Author:Mark Harris [Mark Harris]
Language: eng
Format: epub
Publisher: Penguin Publishing Group
Published: 2021-02-02T00:00:00+00:00


Twenty-three

OH, THIS IS TROUBLE

1983–1985

Nichols felt so revitalized by his experience on Silkwood that before it was even finished, he began contriving a way to reunite with Ephron and Streep. While in Texas, Ephron had been finishing Heartburn, her acidly funny, revenge-served-cold roman à clef about the breakup of her marriage to Bernstein. Nichols thought she should adapt the novel into a screenplay, and who better to play Ephron’s fictionalized version of herself than Streep? But when he returned to New York in late 1982, Heartburn was still months from publication, and a prospective movie version was years down the road. So he returned to stage work, with a determination to prove that he was back in the game. Over the next two years, Nichols would put four consecutive hits on Broadway and, more than twenty years after Barefoot in the Park, reassert his centrality in New York theater.

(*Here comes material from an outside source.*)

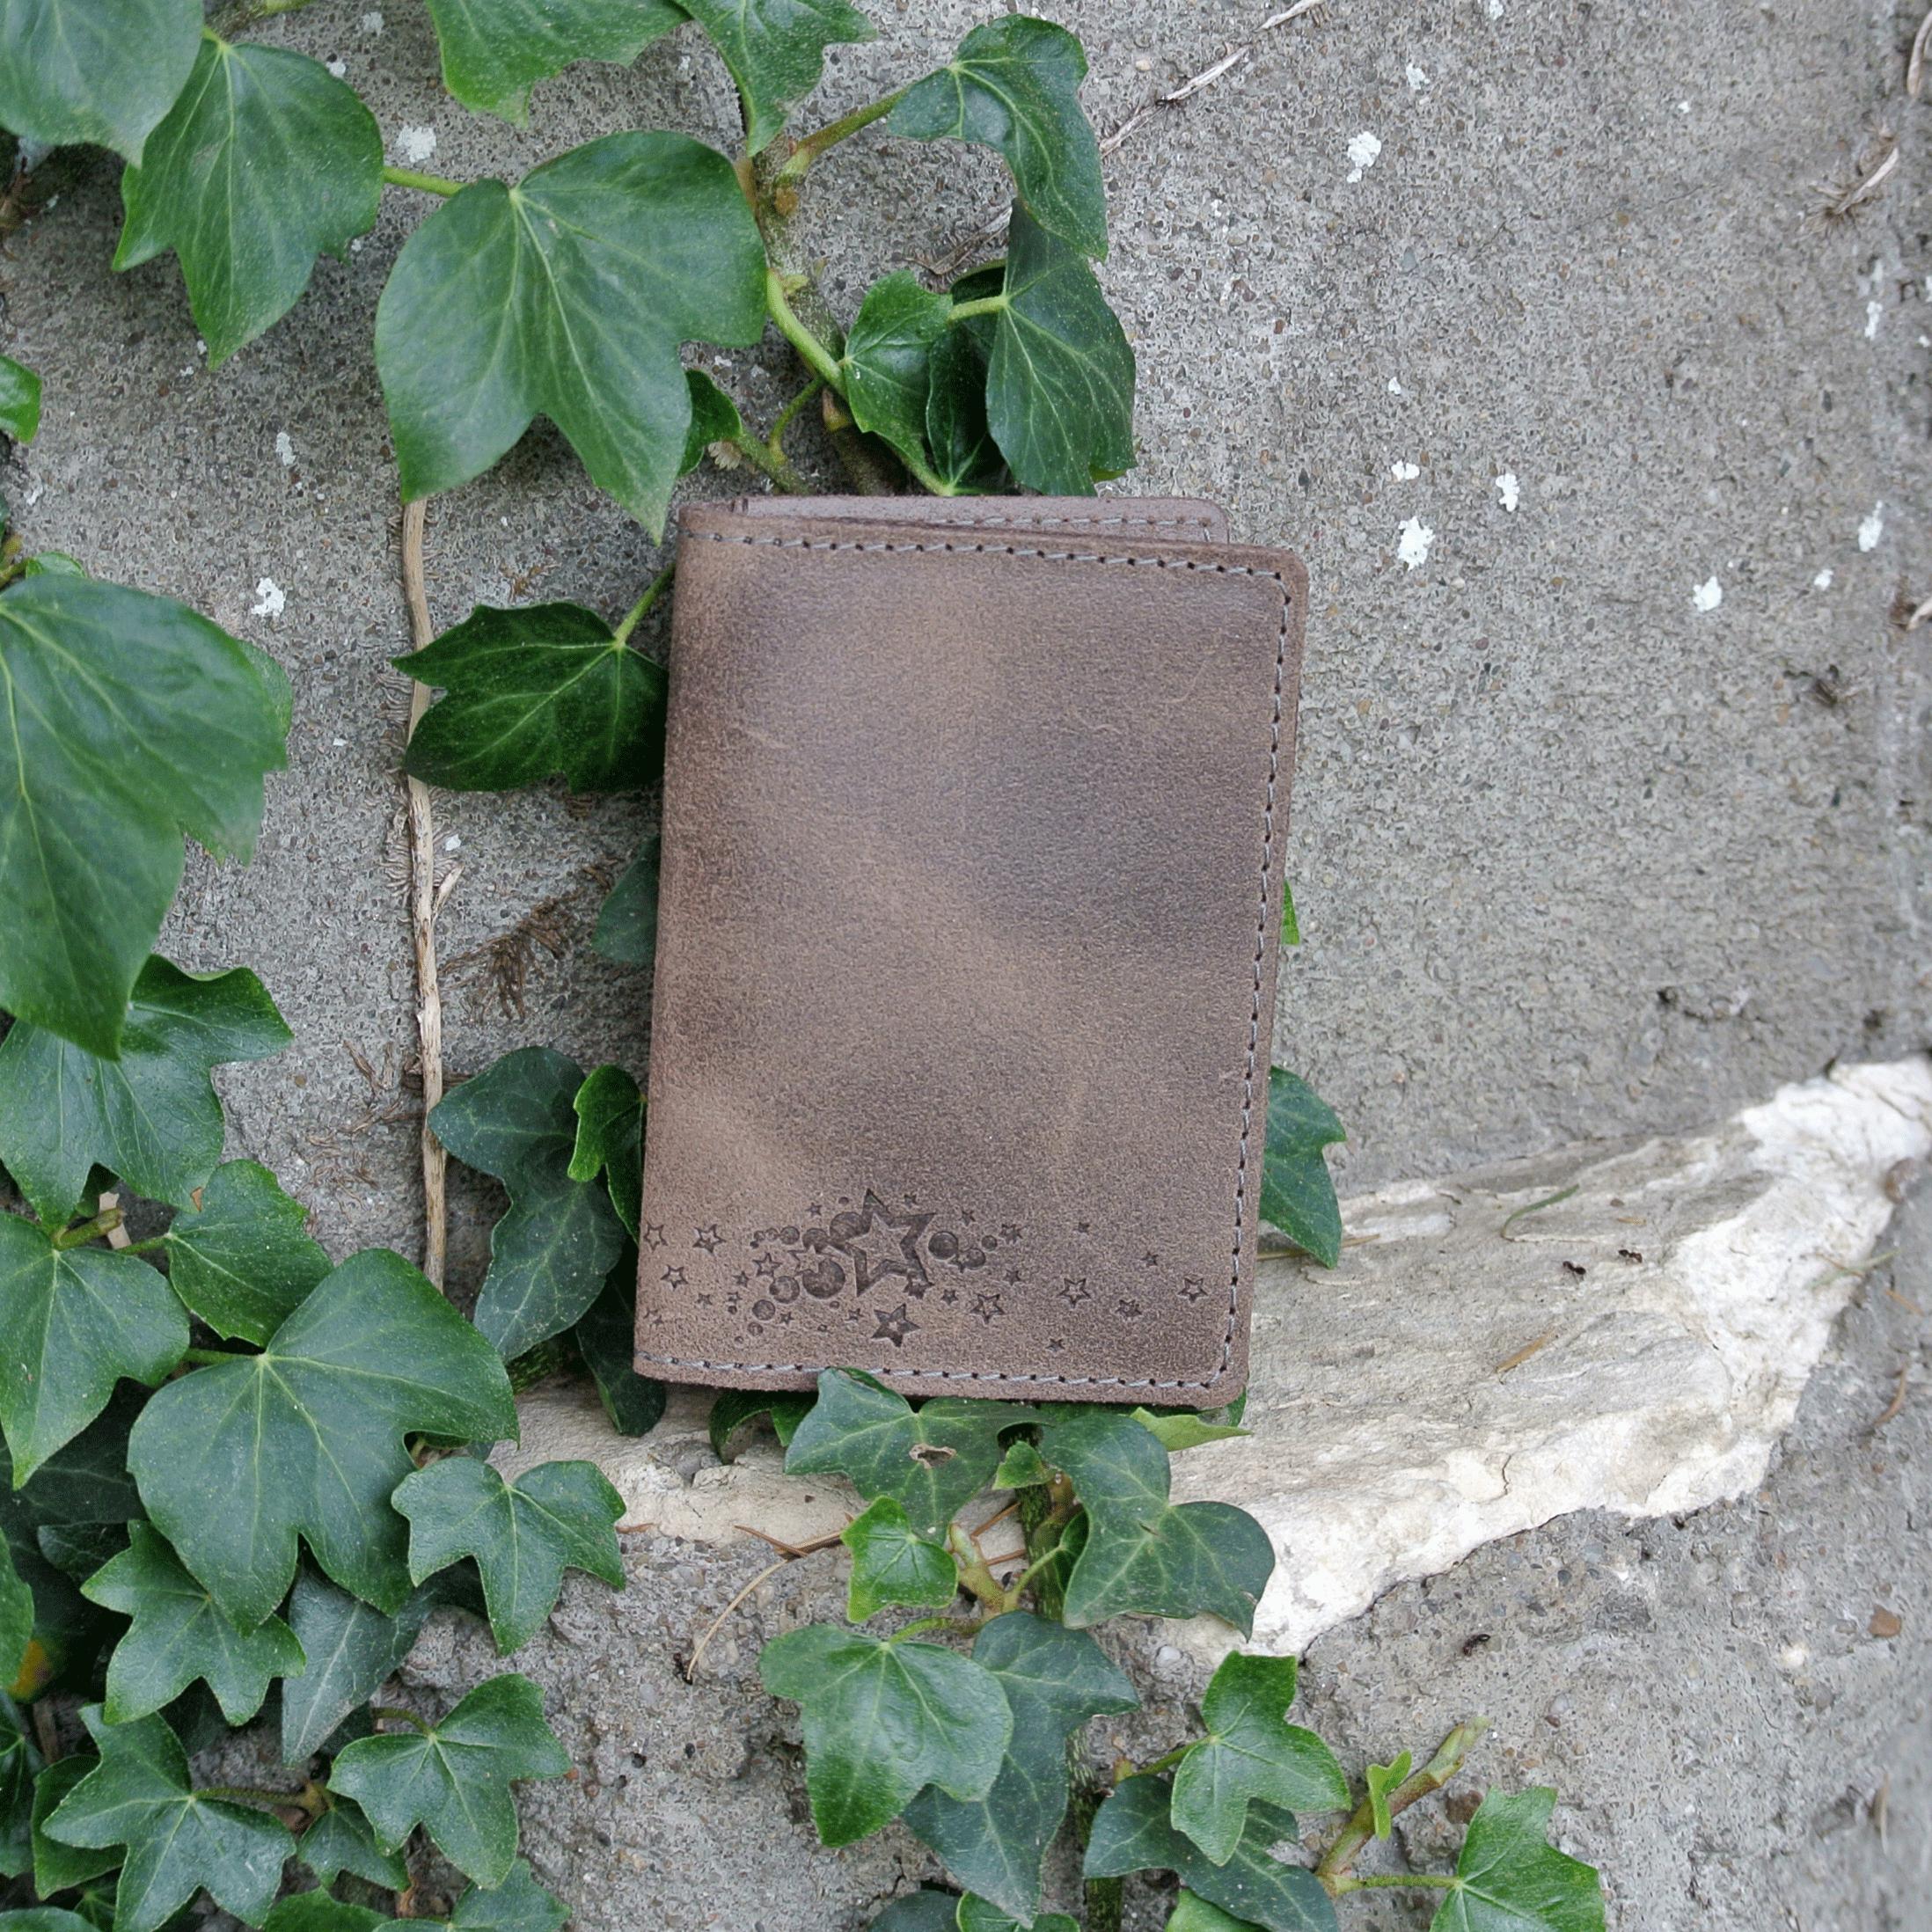 etui-double-a-cartes-cuirs-fantaisies-fabrique-en-france-made-in-france-cuirs-pailletés-la-cartabliere-portes-cartes-cuir-retro-cuirs-vague-cuirs-nappa
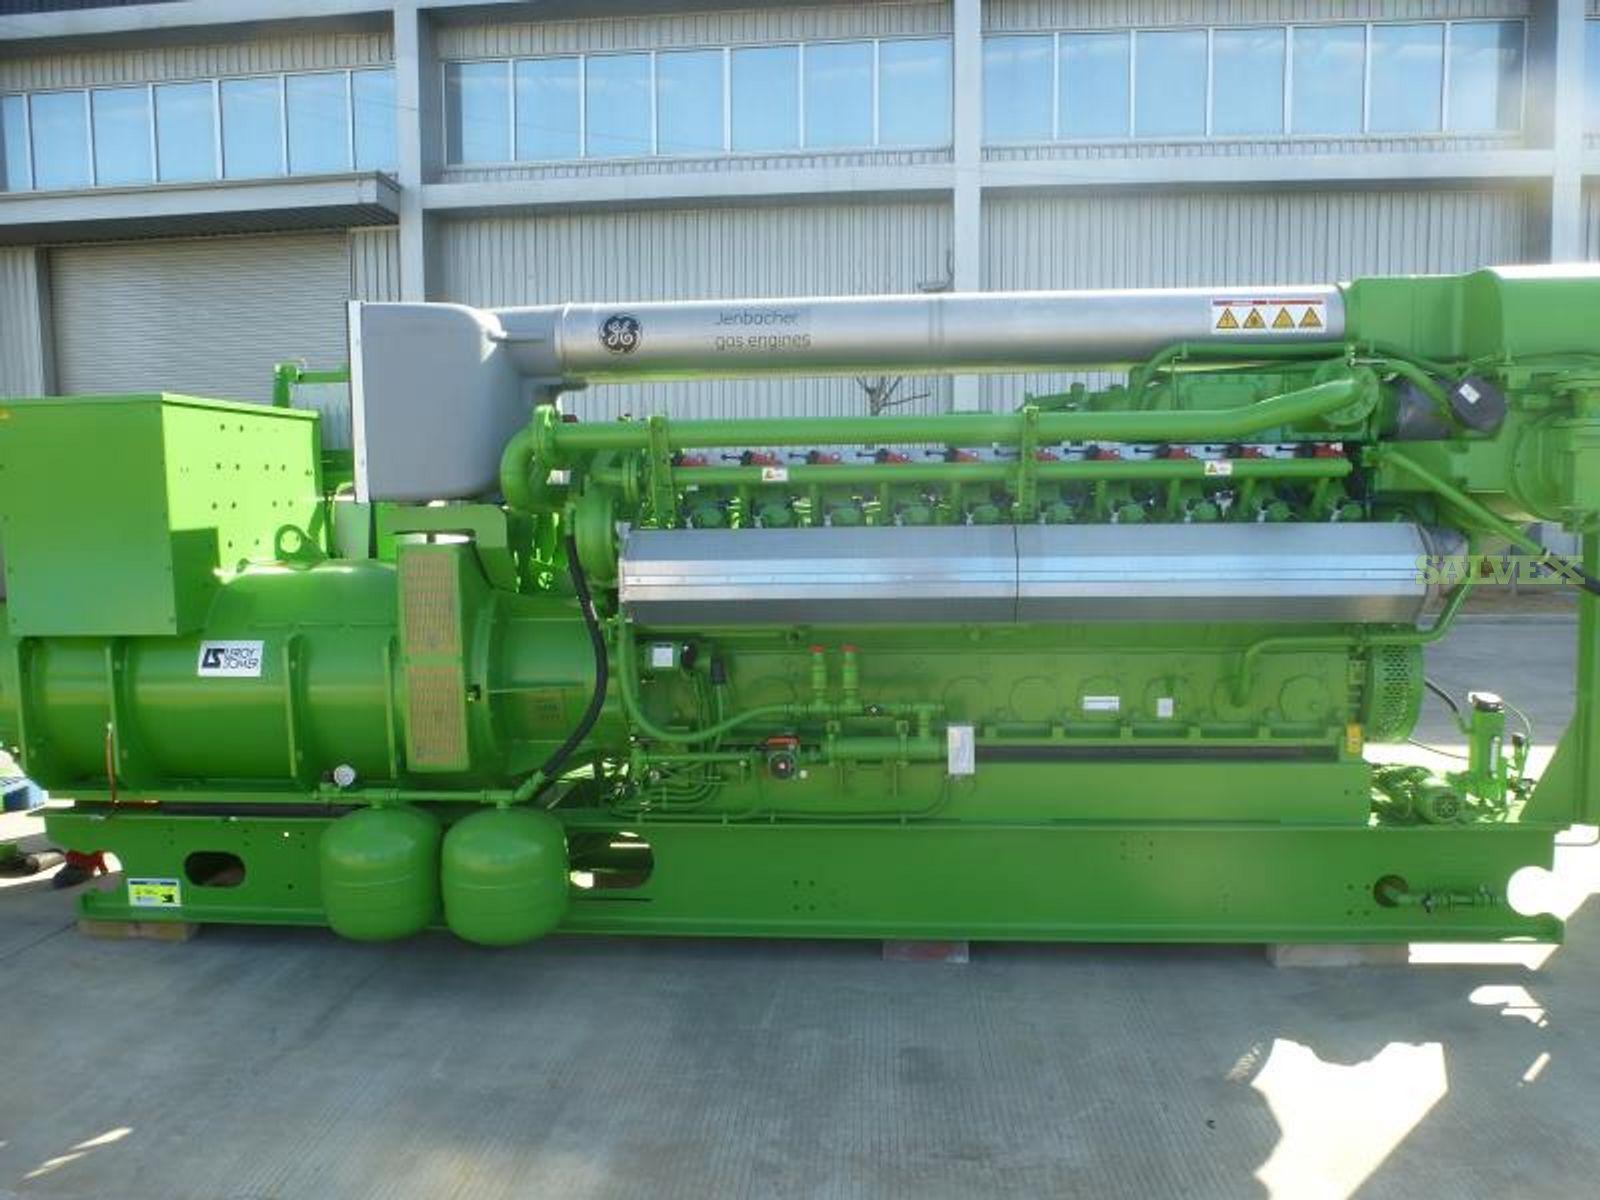 GE Jenbacher Gas Generators for Drilling Rig Power Supply(7  Generators)

The first of those shows was an unpromising rescue mission. After The Queen of Basin Street fell apart, Tommy Tune had decided to return to the stage as a performer, in a musical called My One and Only, a silly, old-fashioned pastiche that was an excuse to string together two dozen songs from the Gershwin catalog, a format that had started to stake a claim on Broadway a few seasons earlier with Ain’t Misbehavin’. The show was prototypical early-Reagan-era stage entertainment—an expensive, defiantly retro throwback to a vague cultural notion of family-friendly “innocence.” The director, Peter Sellars, was a twenty-five-year-old Harvard prodigy who was hailed as a boy wonder for his innovative stagings of classic plays and operas—Handel set in outer space, Don Giovanni reimagined as Shaft. But his sensibility could not have been a worse match for the crowd-pleasing exigencies of a Broadway-bound musical, and, in what he called a fight “between the forces of Brecht and the forces of The Pajama Game,” Brecht lost in a first-round knockout. In January, a few days before the start of the show’s Boston tryout, the producers fired Sellars, and Nichols’s old friend Lewis Allen implored him to come take a look at the show and see what he could do.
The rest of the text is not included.